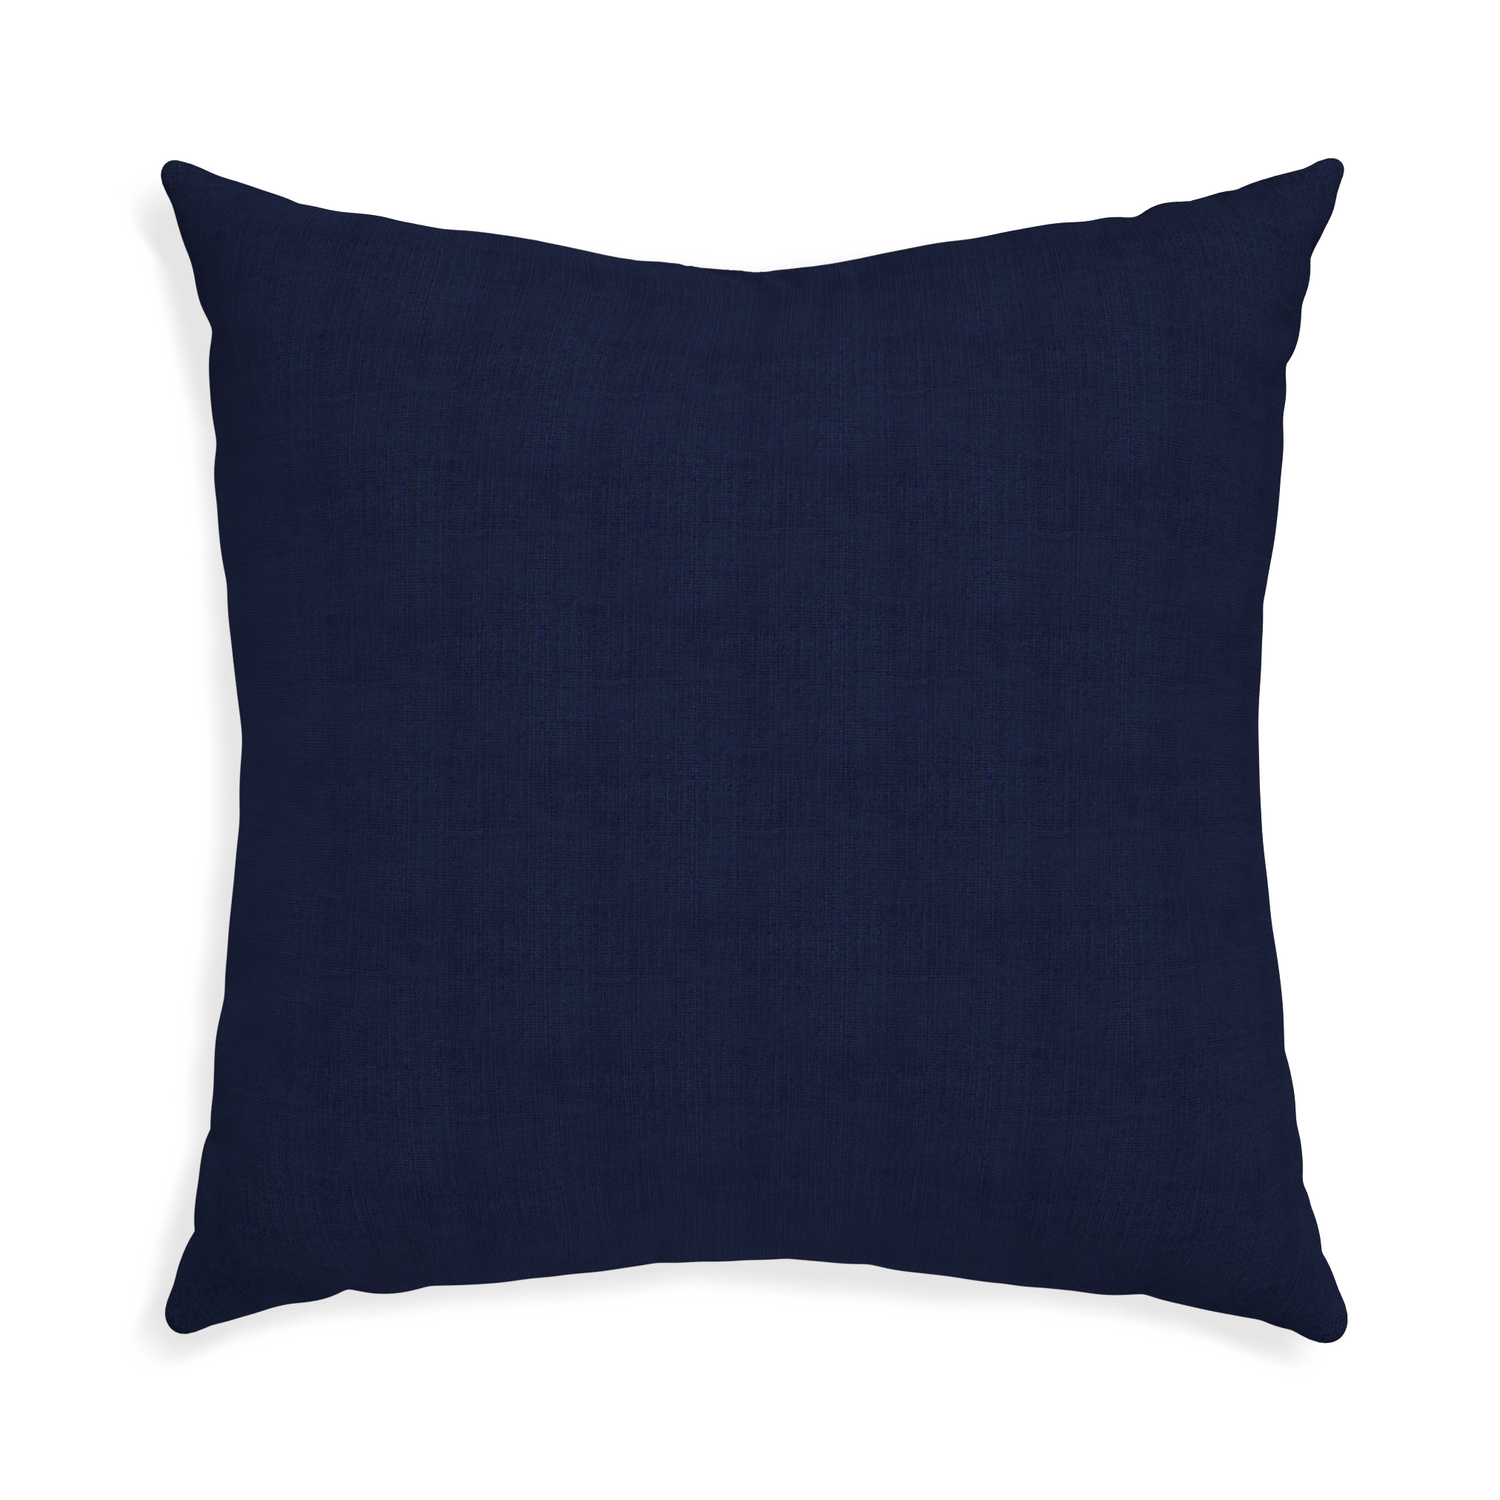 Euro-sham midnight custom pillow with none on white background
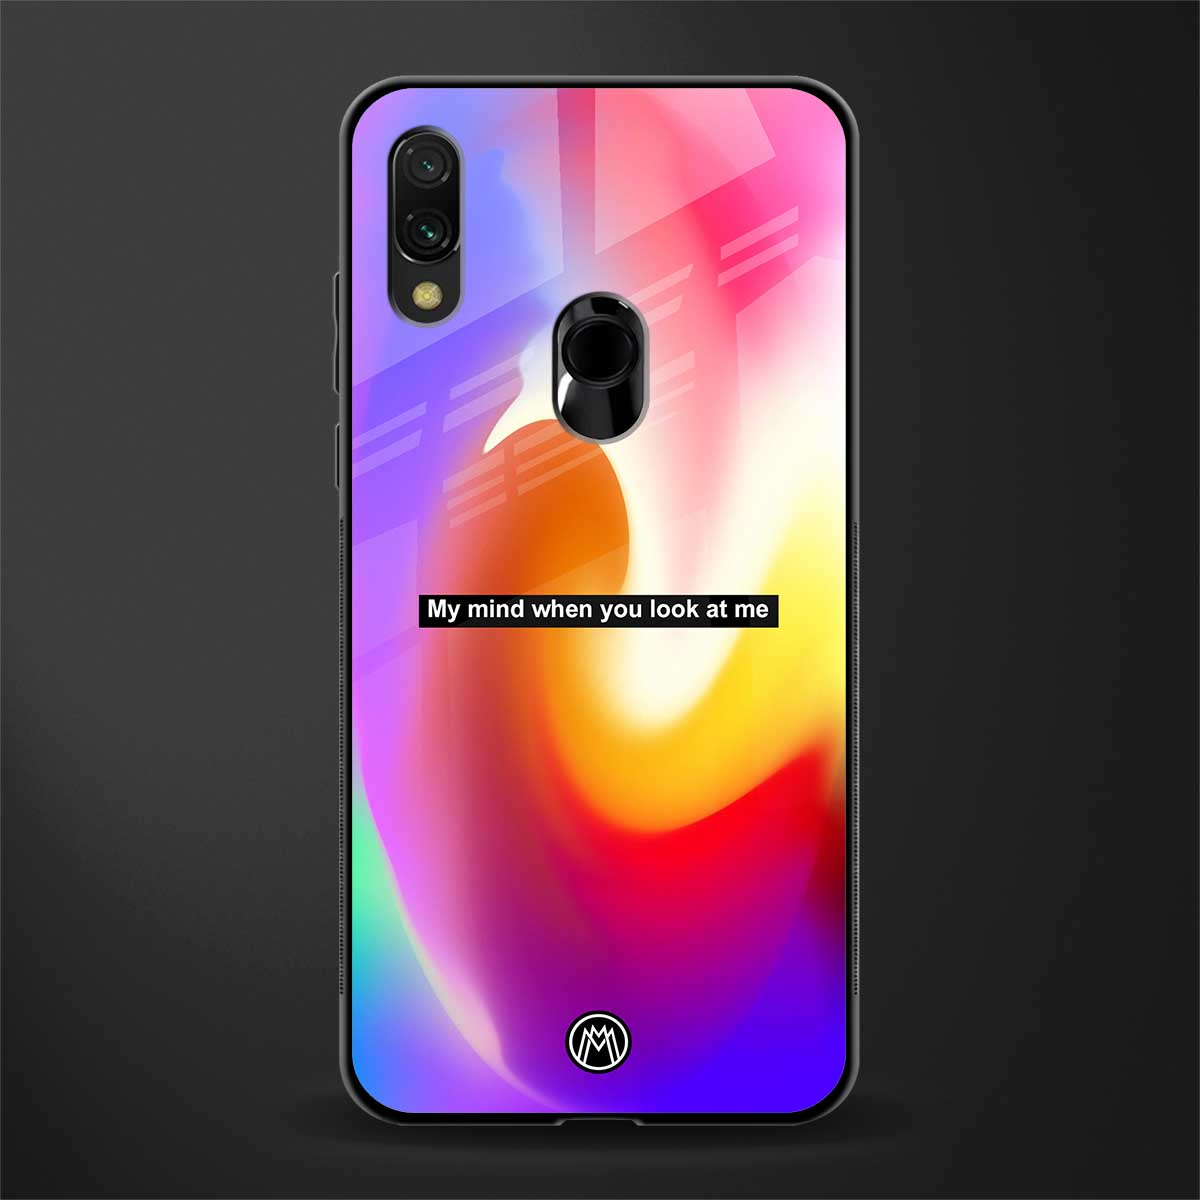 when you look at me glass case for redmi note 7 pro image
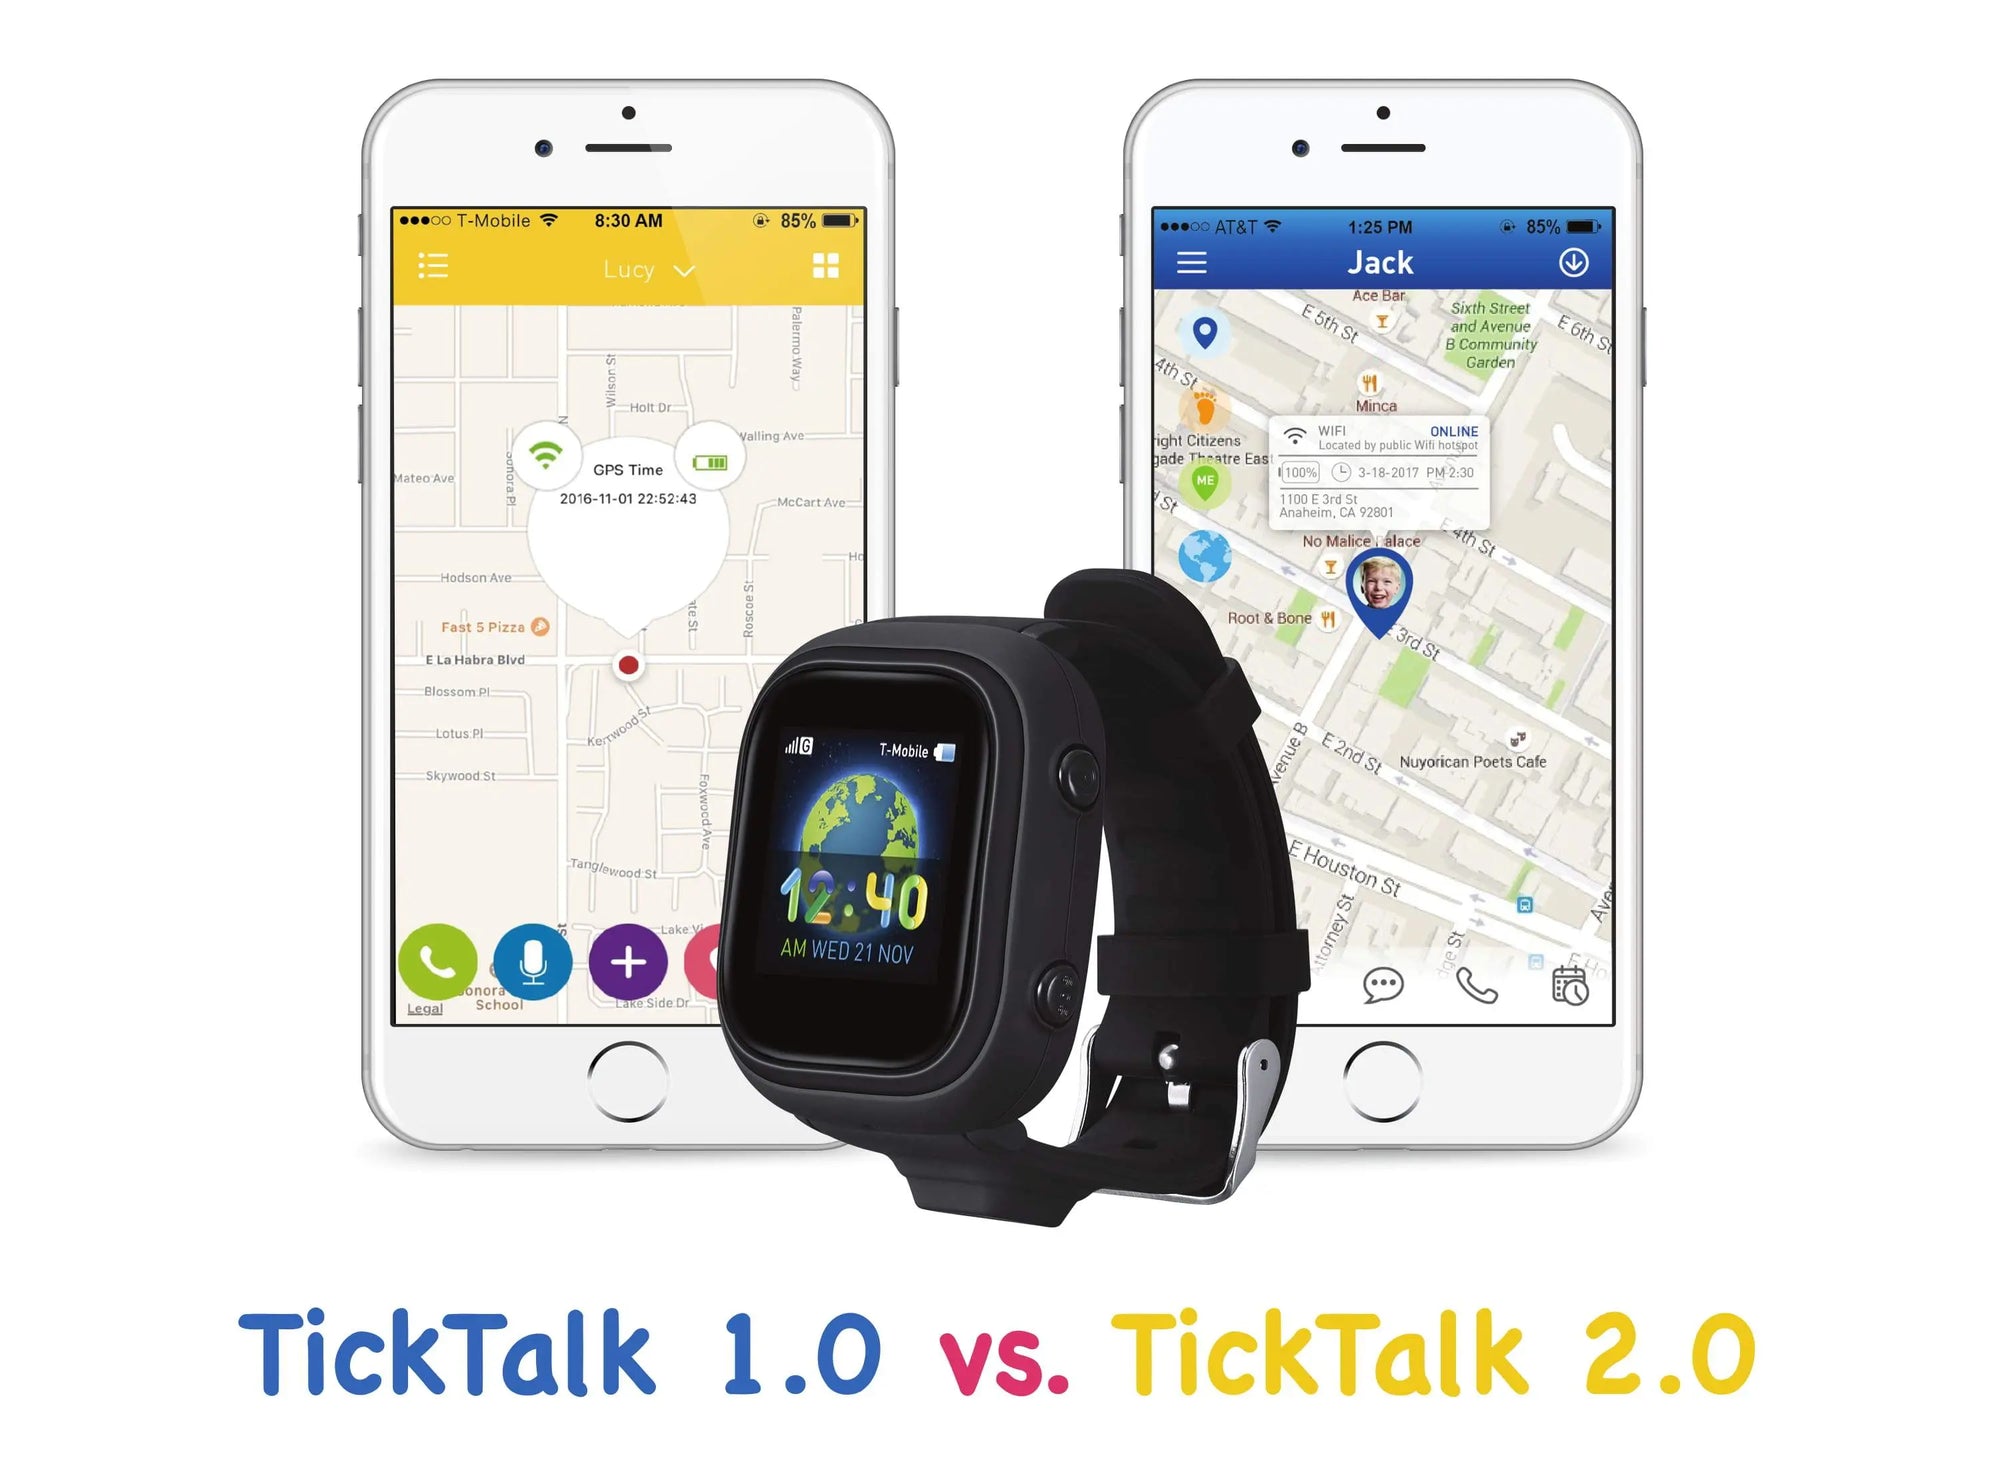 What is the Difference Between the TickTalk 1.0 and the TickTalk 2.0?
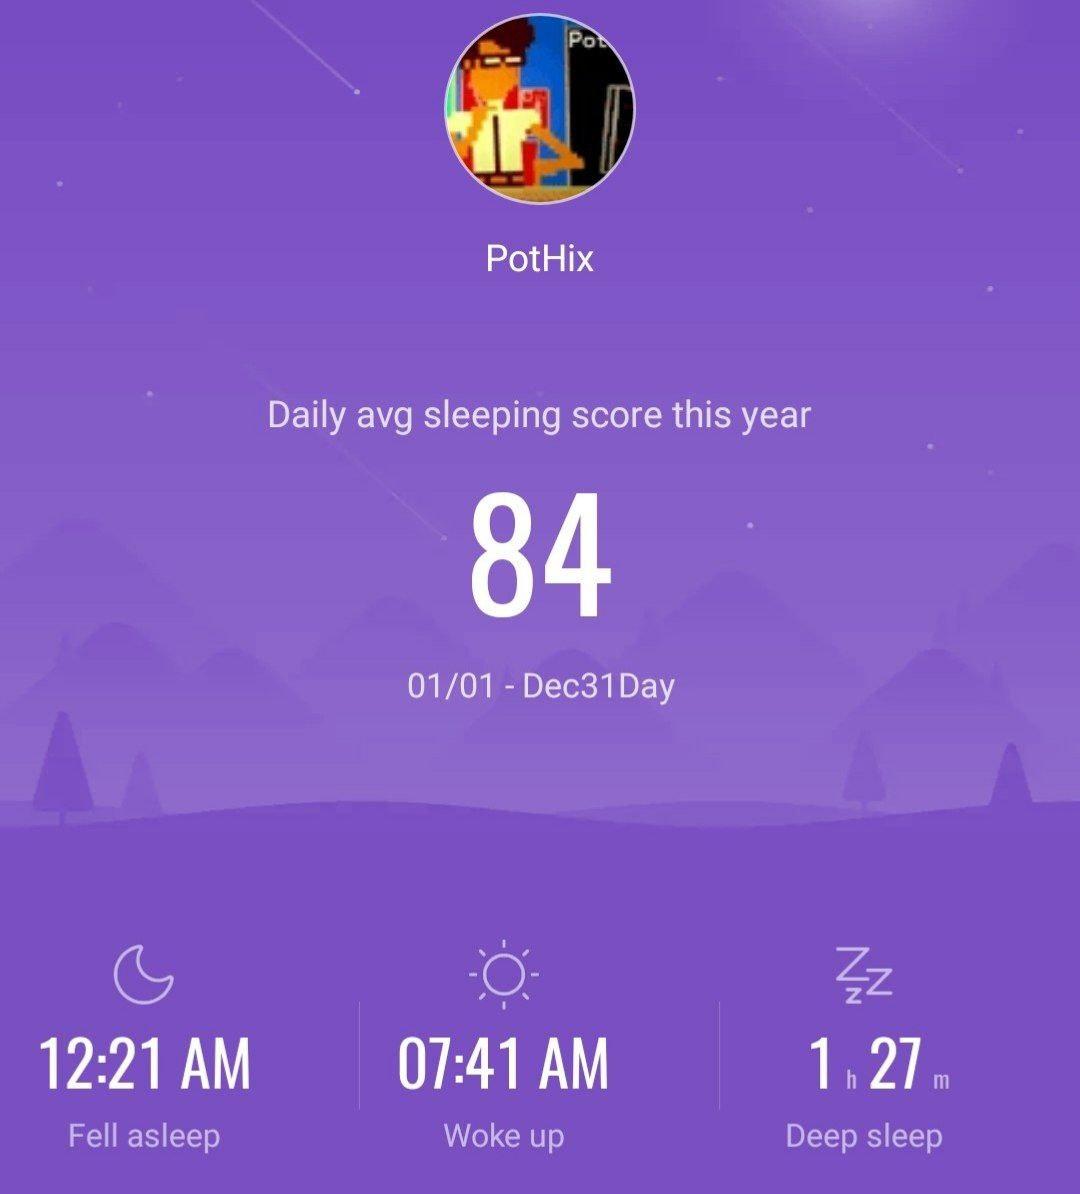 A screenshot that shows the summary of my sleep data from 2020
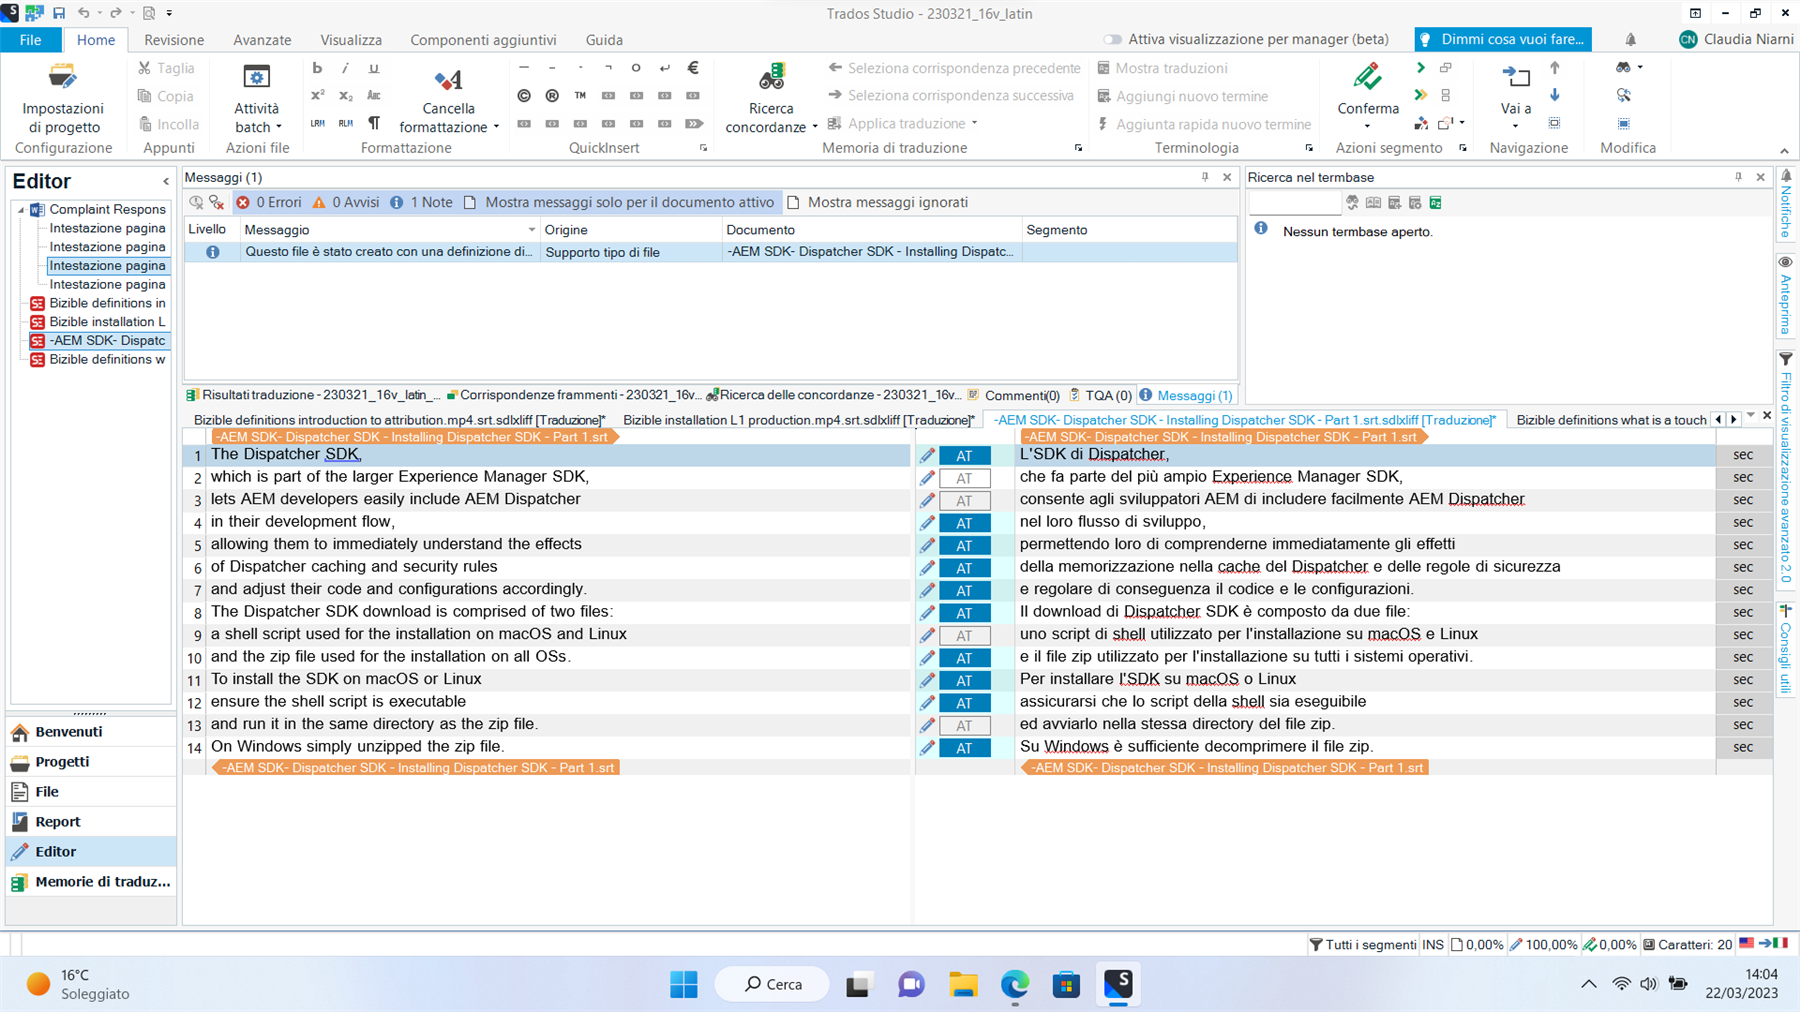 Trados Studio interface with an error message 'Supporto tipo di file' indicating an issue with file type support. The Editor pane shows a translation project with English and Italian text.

Problem
Copy word for word every line from the one holding "A screenshot that" to the end of the listing, both ends included, but do not copy any pictures.

Response area
 A screenshot that shows the summary of my sleep data from 2020
 Trados Studio interface with an error message 'Supporto tipo di file' indicating an issue with file type support. The Editor pane shows a translation project with English and Italian text.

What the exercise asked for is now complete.